- **Aim of the exercise**
Word for word, write the lines below out again, with no pictures.

- **Dataset excerpt**
□ □ □ □ □ □ □
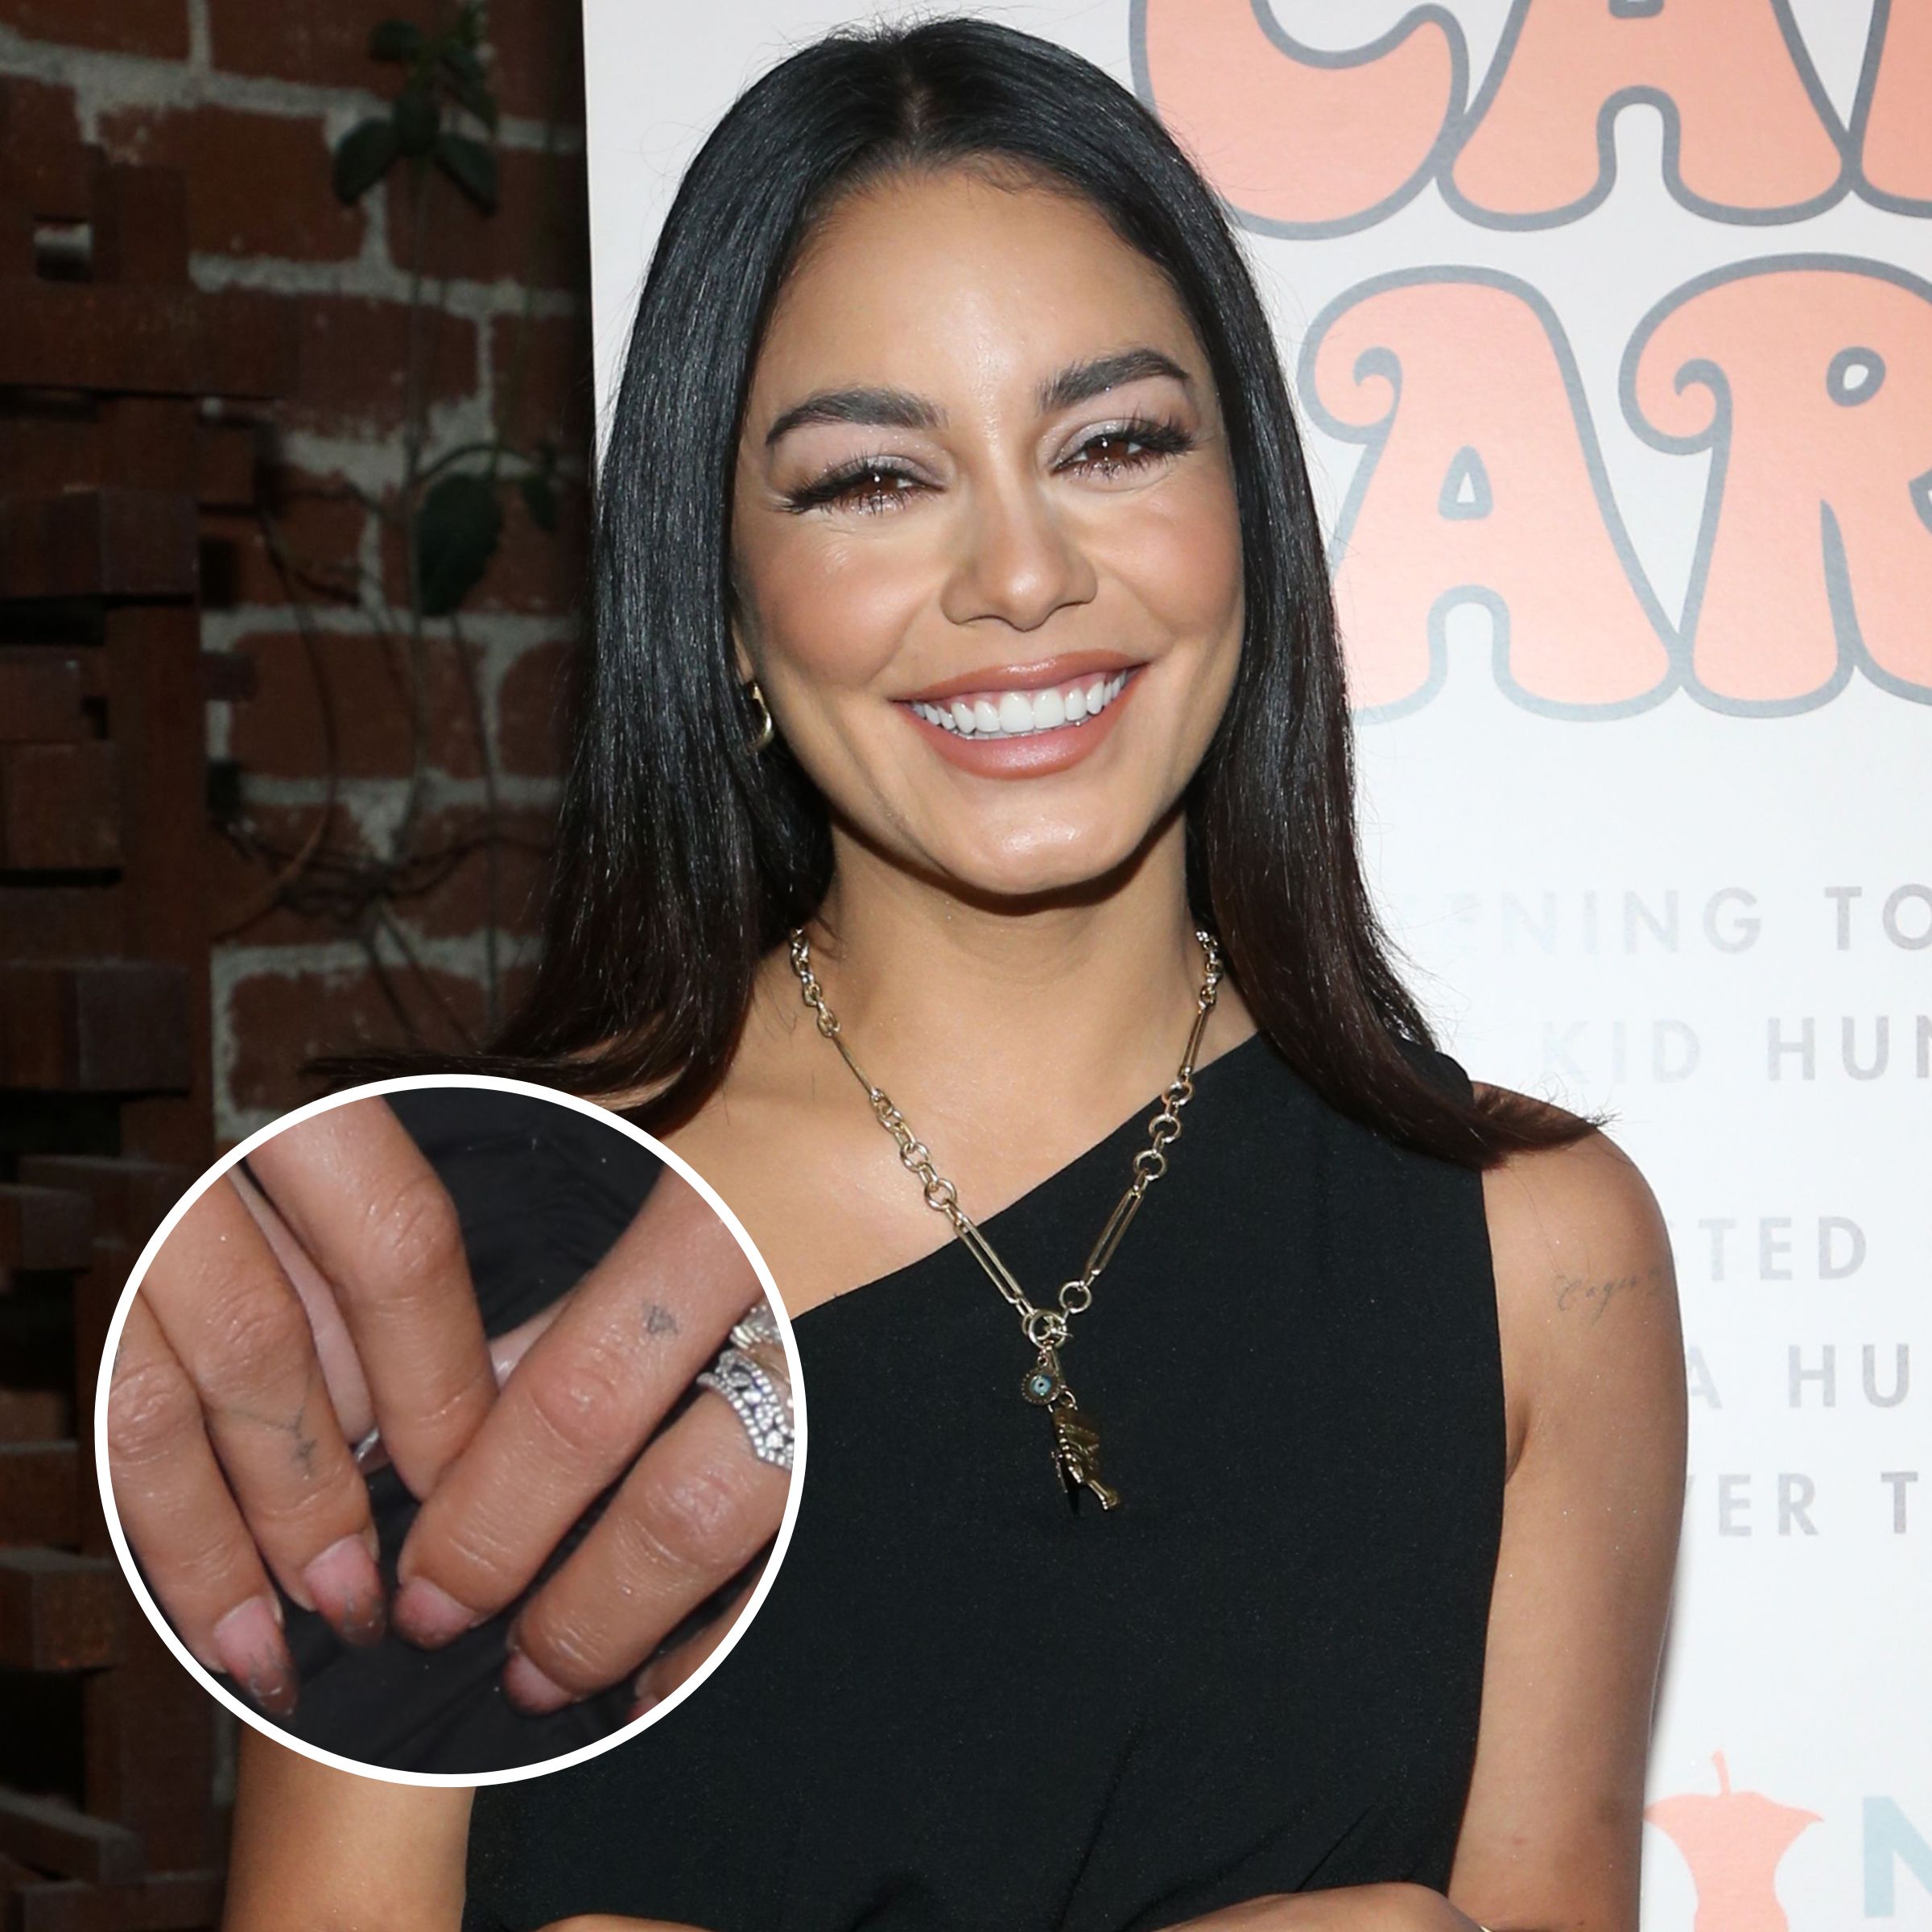 Vanessa Hudgens smiles through pain of first tattoo Its exhilarating   Daily Mail Online
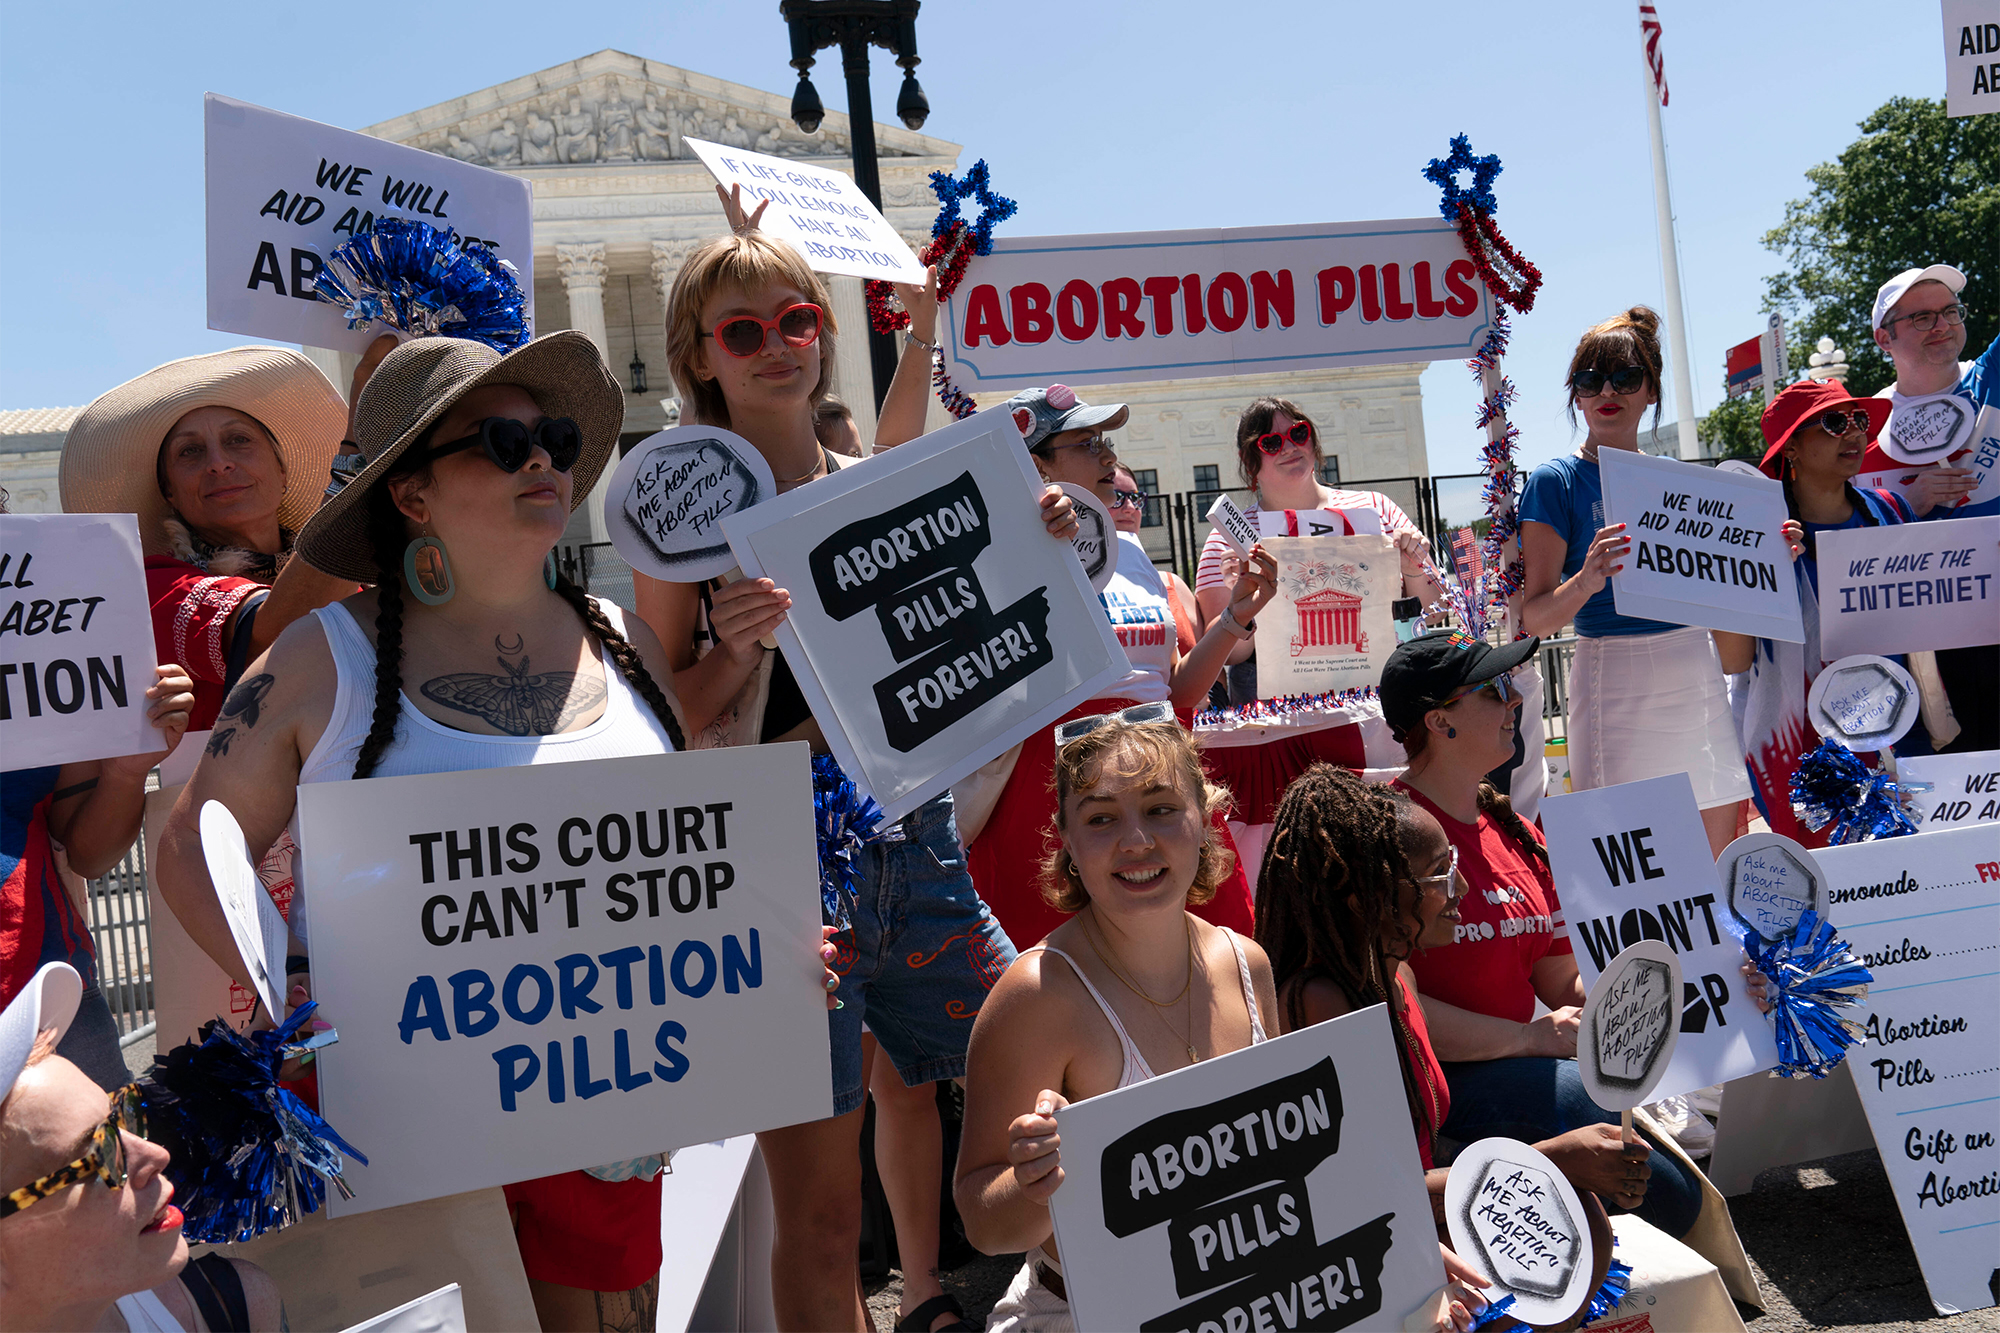 A crowd of women hold signs that say "Abortion Pills Forever"
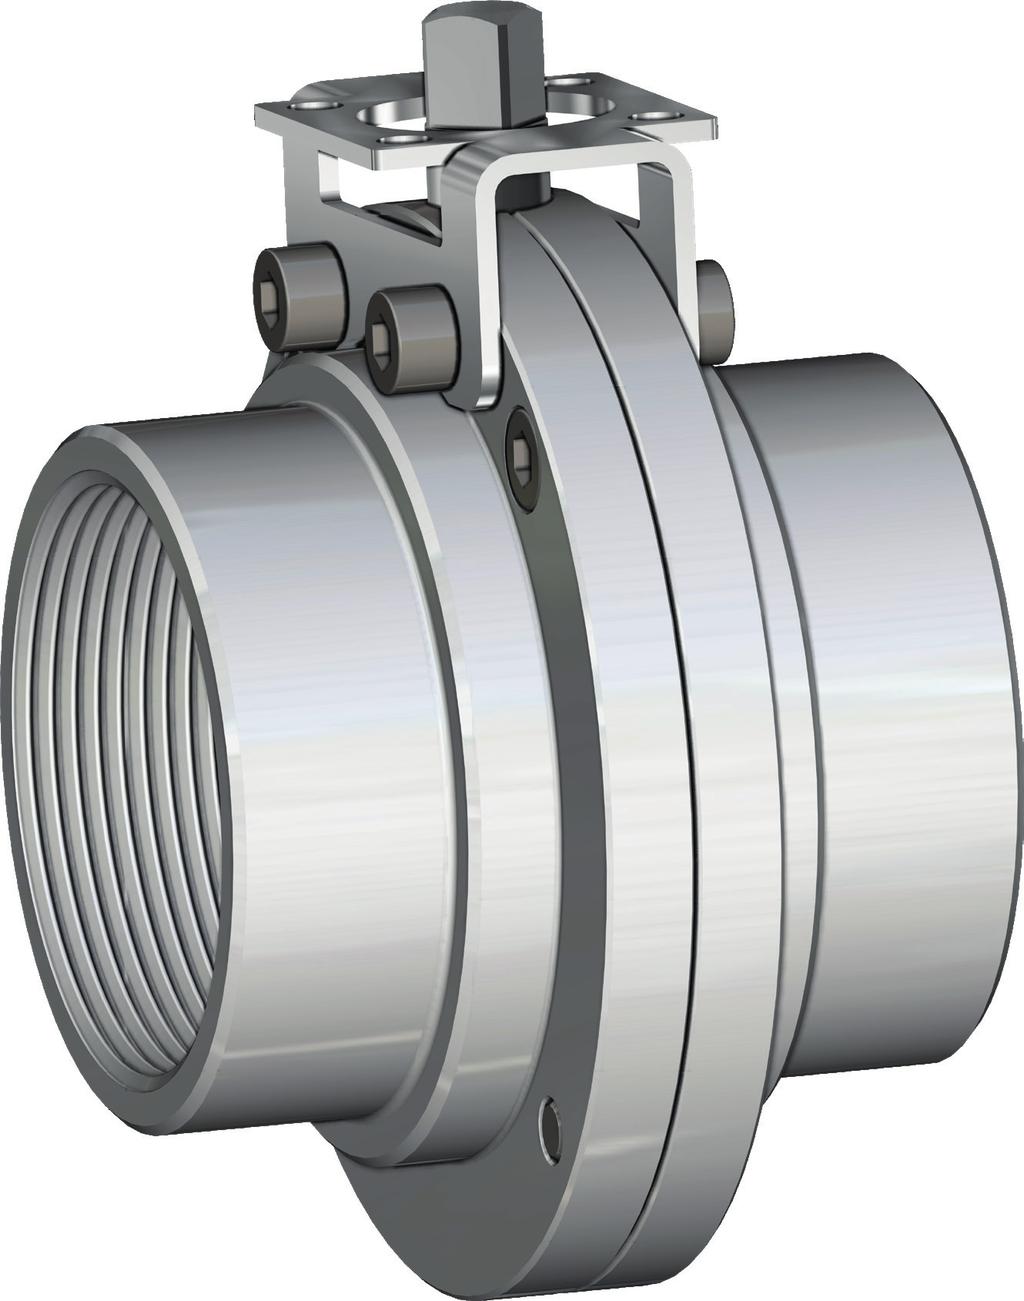 ITEM 90-9-9-9 Valvola a farfalla vie filettata ISO 8/, DIN 85, da saldare, clamp Stainless steel butterfly valve with ISO 8/ threaded, butt welded, DIN 85 ends, clamp ITEM 90 Connessioni: Filettate
□ □ □ □ □ □ □
- **Task result**
 Vanessa Hudgens smiles through pain of first tattoo Its exhilarating   Daily Mail Online
 A crowd of women hold signs that say "Abortion Pills Forever"
 ITEM 90-9-9-9 Valvola a farfalla vie filettata ISO 8/, DIN 85, da saldare, clamp Stainless steel butterfly valve with ISO 8/ threaded, butt welded, DIN 85 ends, clamp ITEM 90 Connessioni: Filettate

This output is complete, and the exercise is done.